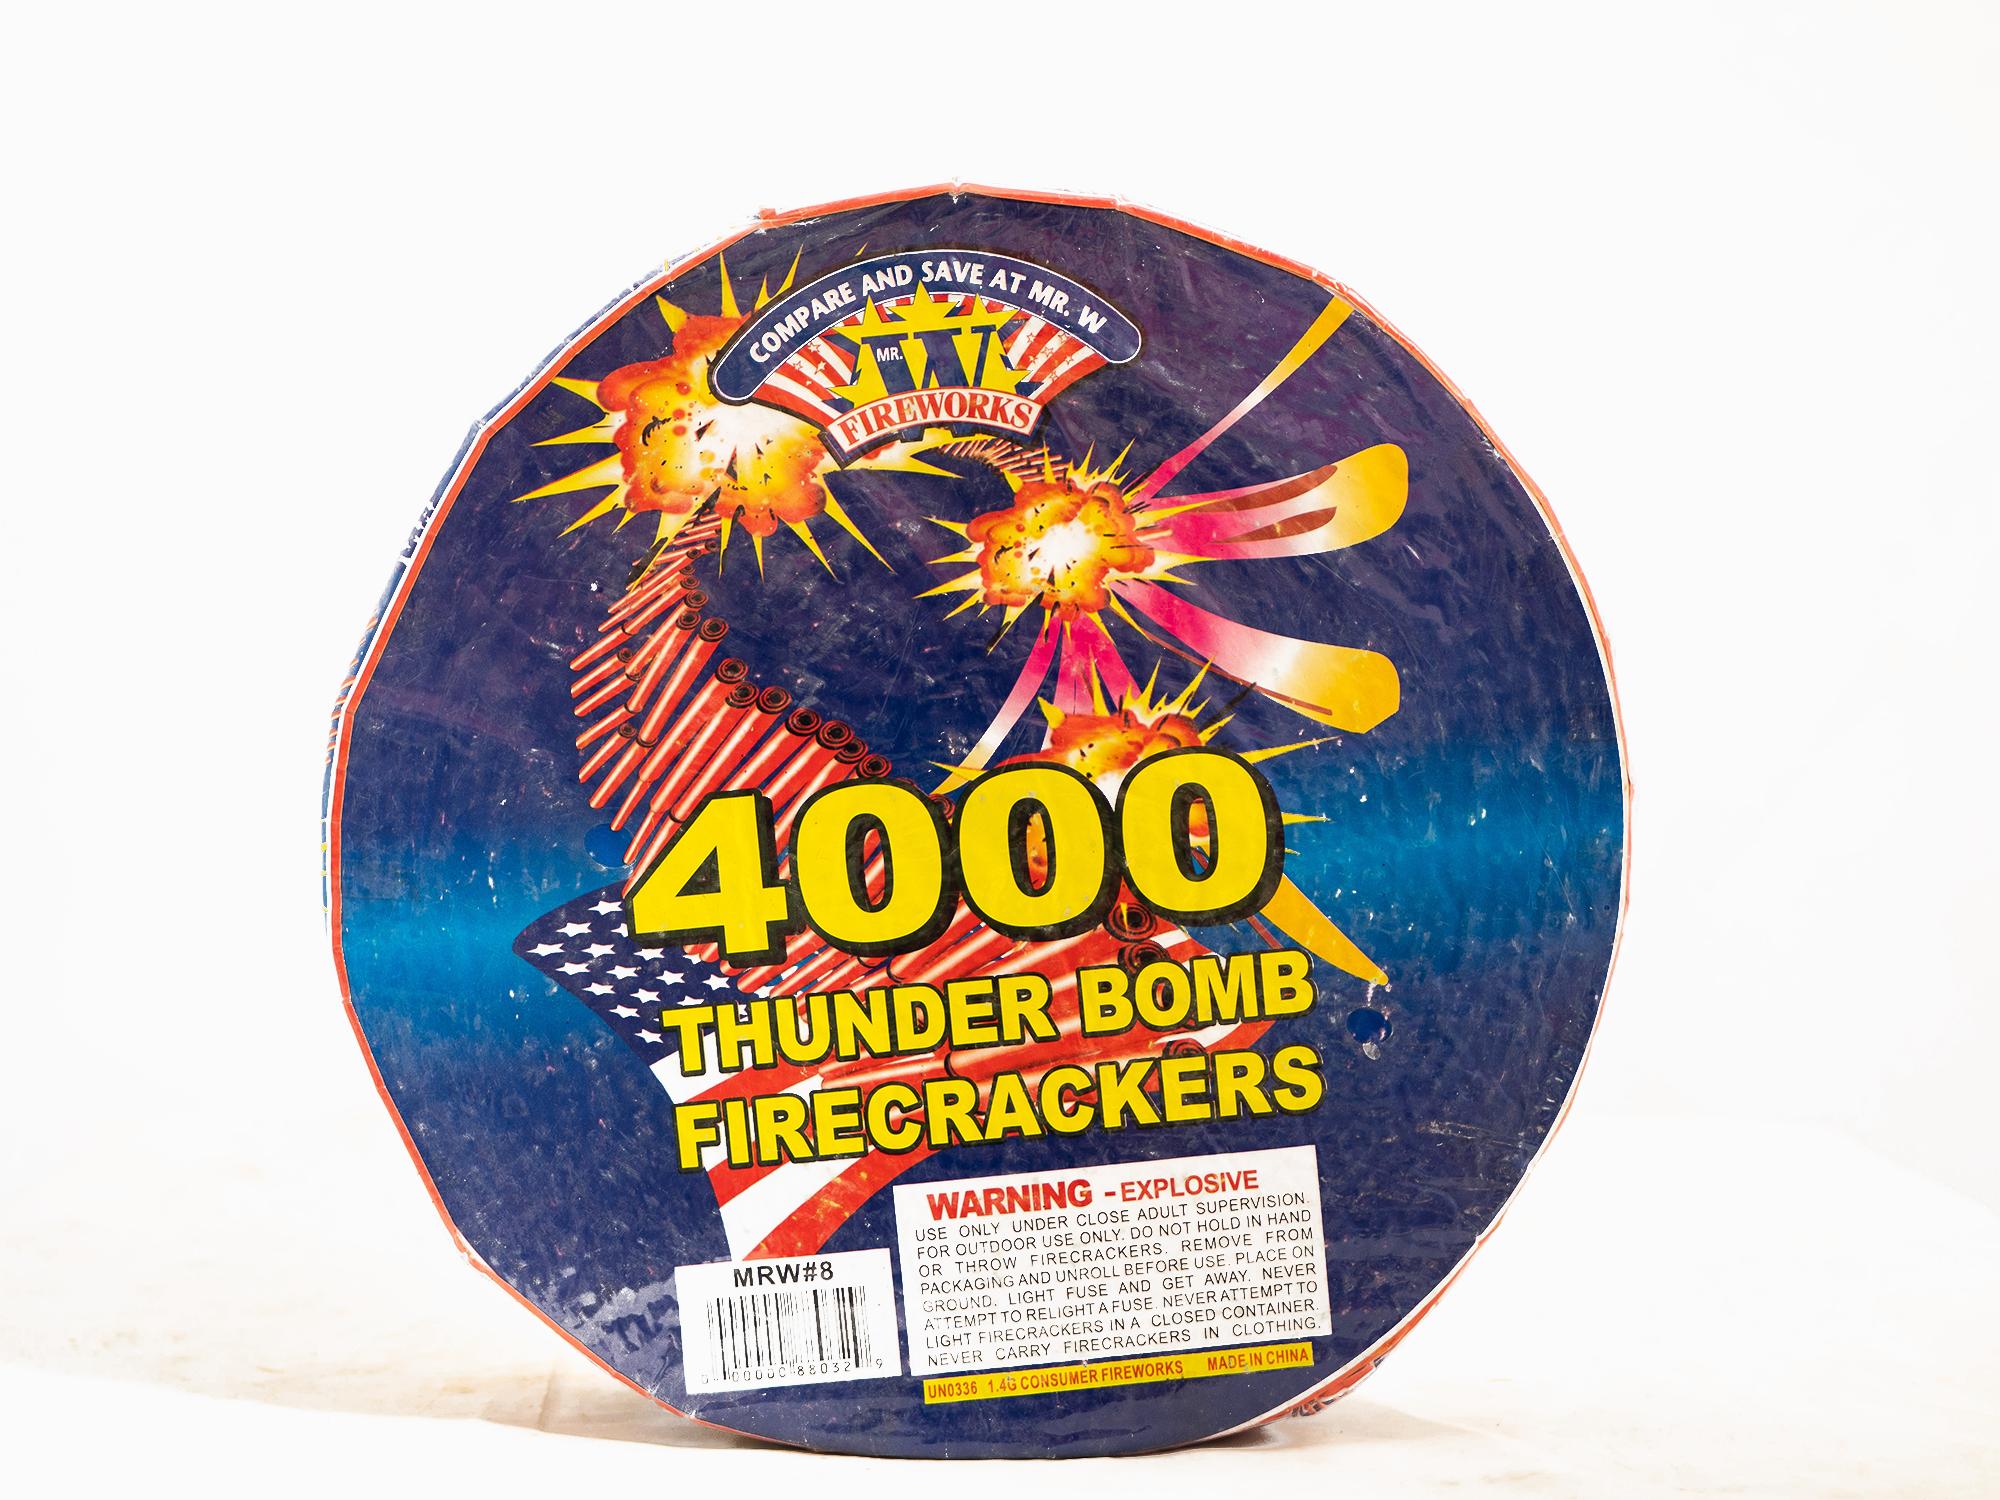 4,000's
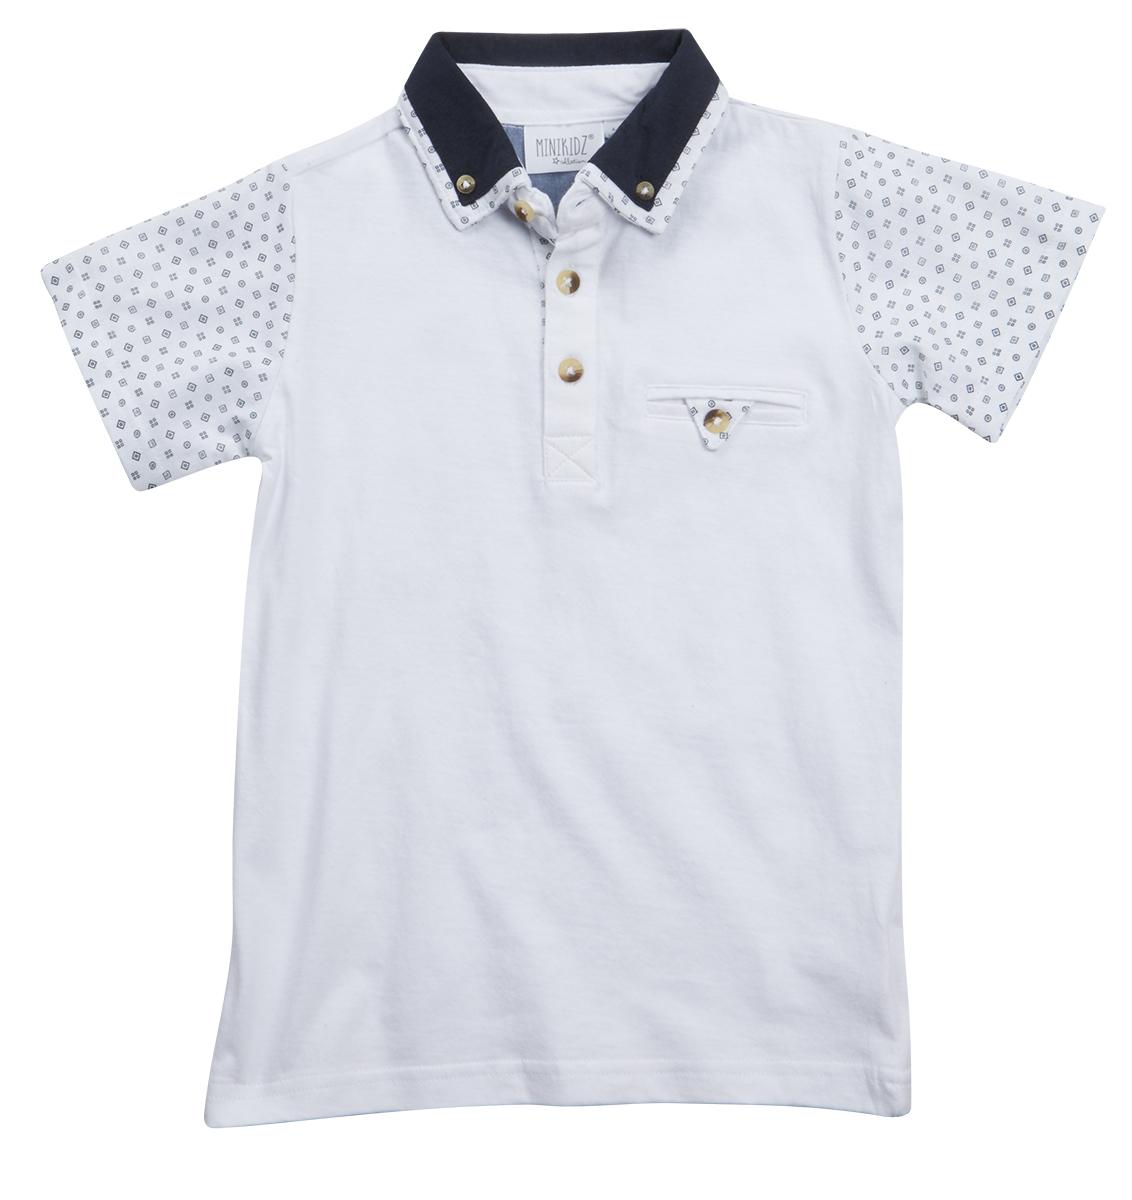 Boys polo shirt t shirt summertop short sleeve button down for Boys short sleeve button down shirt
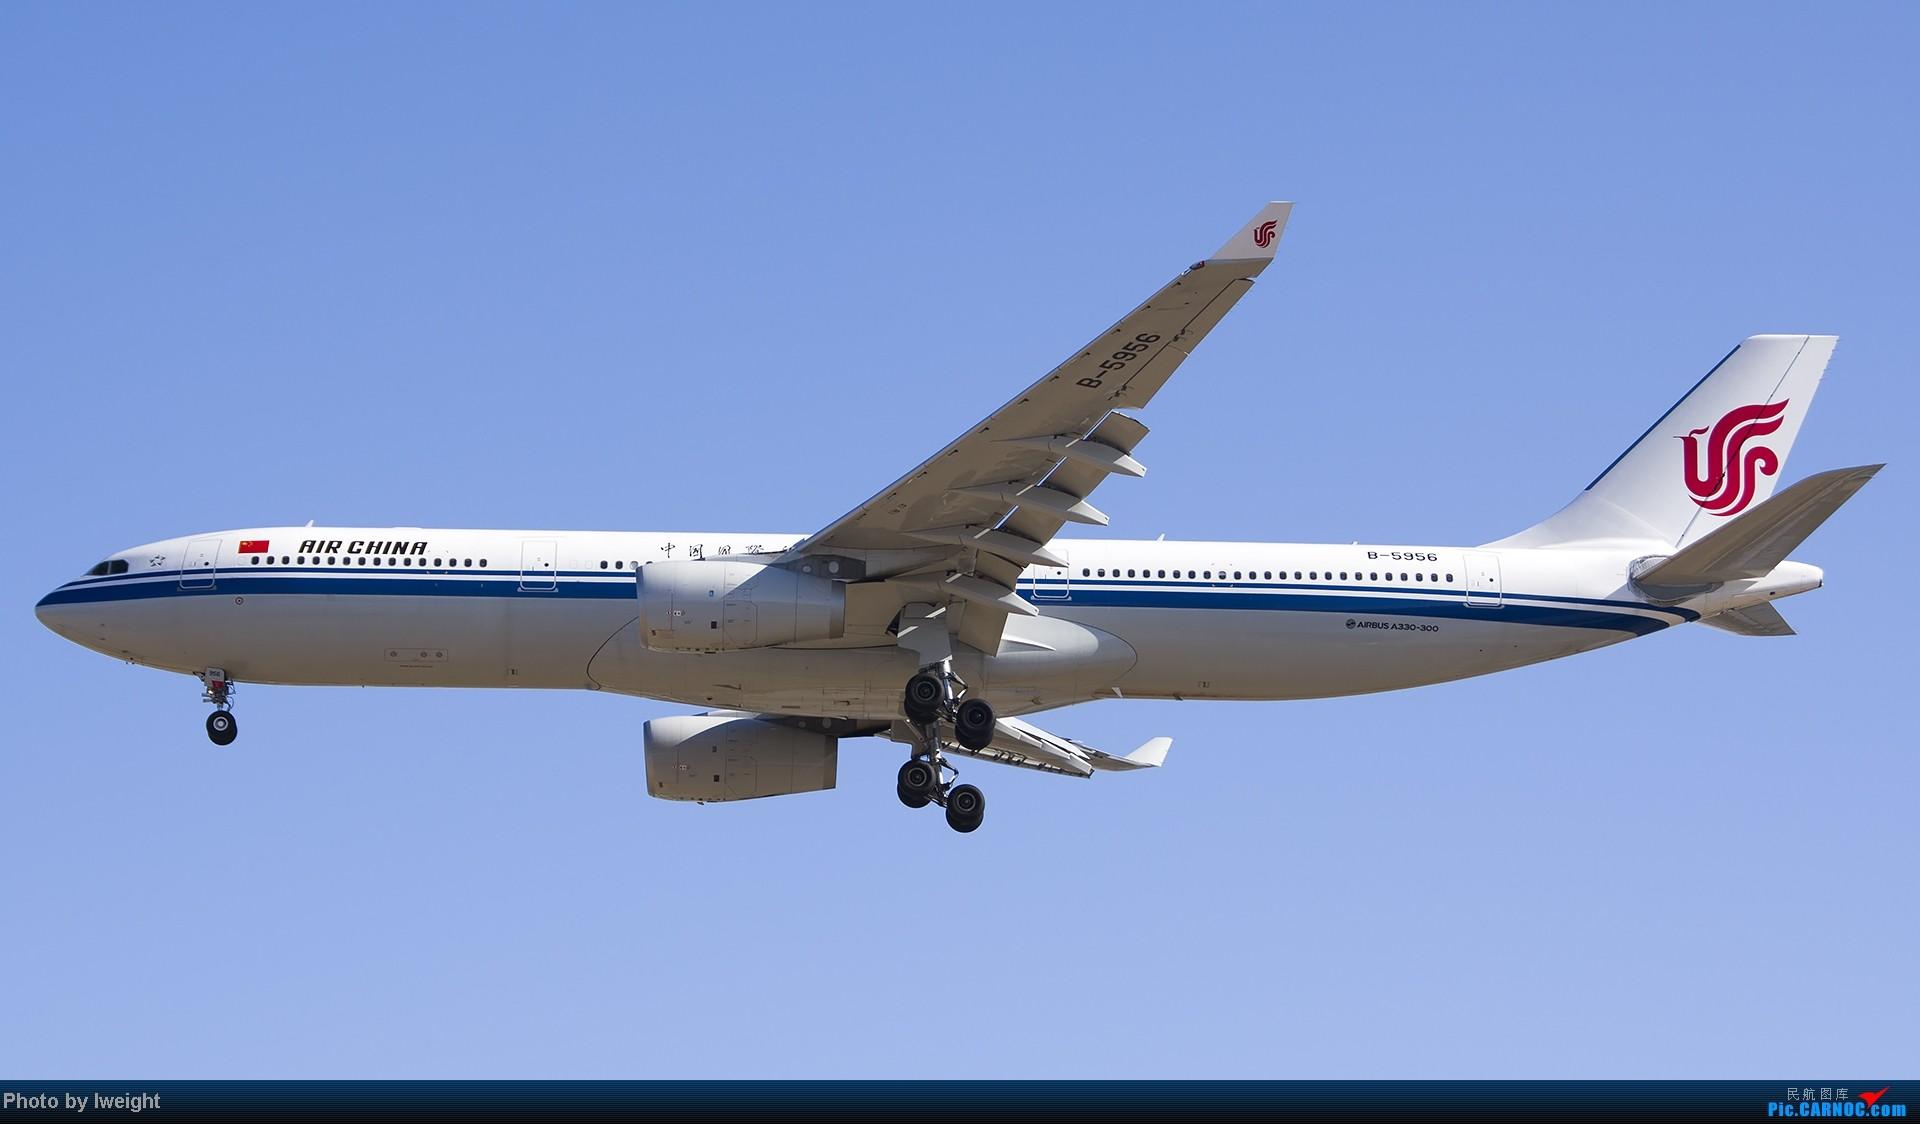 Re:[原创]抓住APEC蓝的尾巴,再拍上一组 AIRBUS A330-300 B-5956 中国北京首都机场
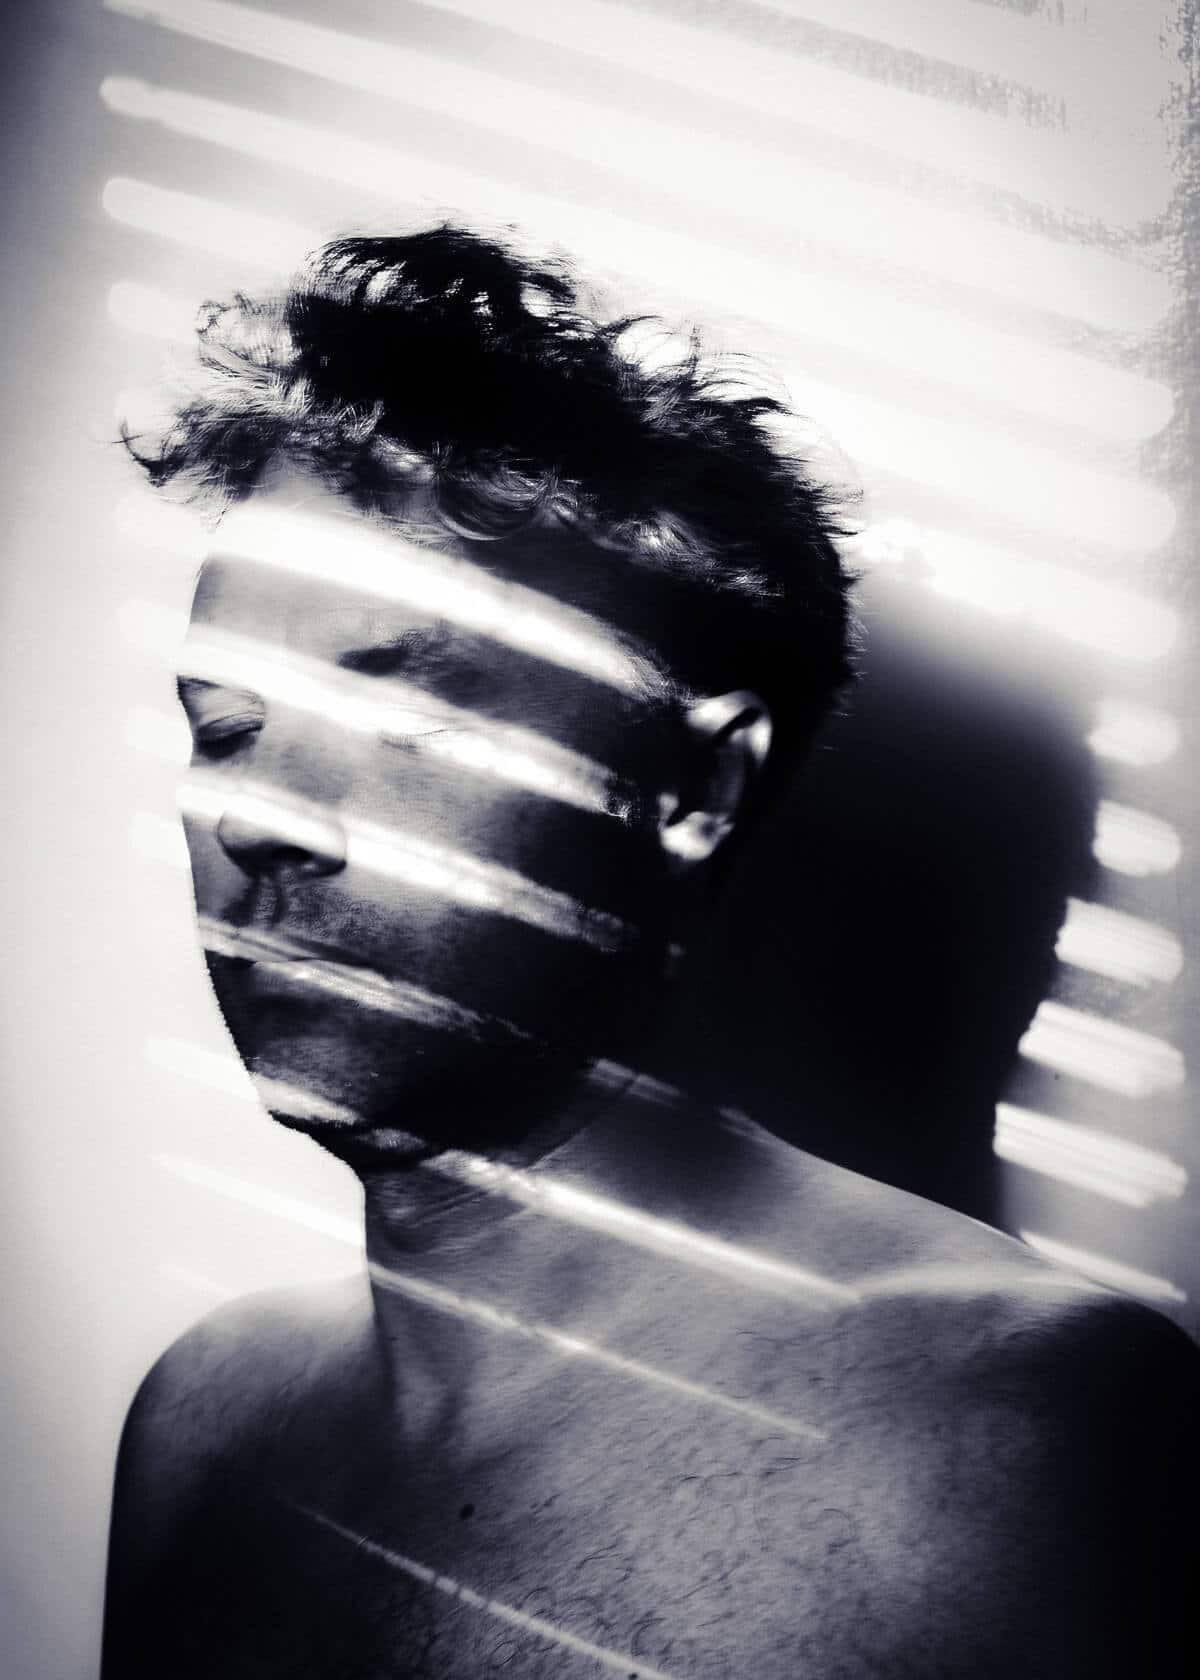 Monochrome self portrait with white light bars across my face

■ **What is needed**
The required output is the listing above reproduced exactly, pictures removed.

■ **Result of the task**
 4,000's
 Boys polo shirt t shirt summertop short sleeve button down for Boys short sleeve button down shirt
 Re:[原创]抓住APEC蓝的尾巴,再拍上一组 AIRBUS A330-300 B-5956 中国北京首都机场
 Monochrome self portrait with white light bars across my face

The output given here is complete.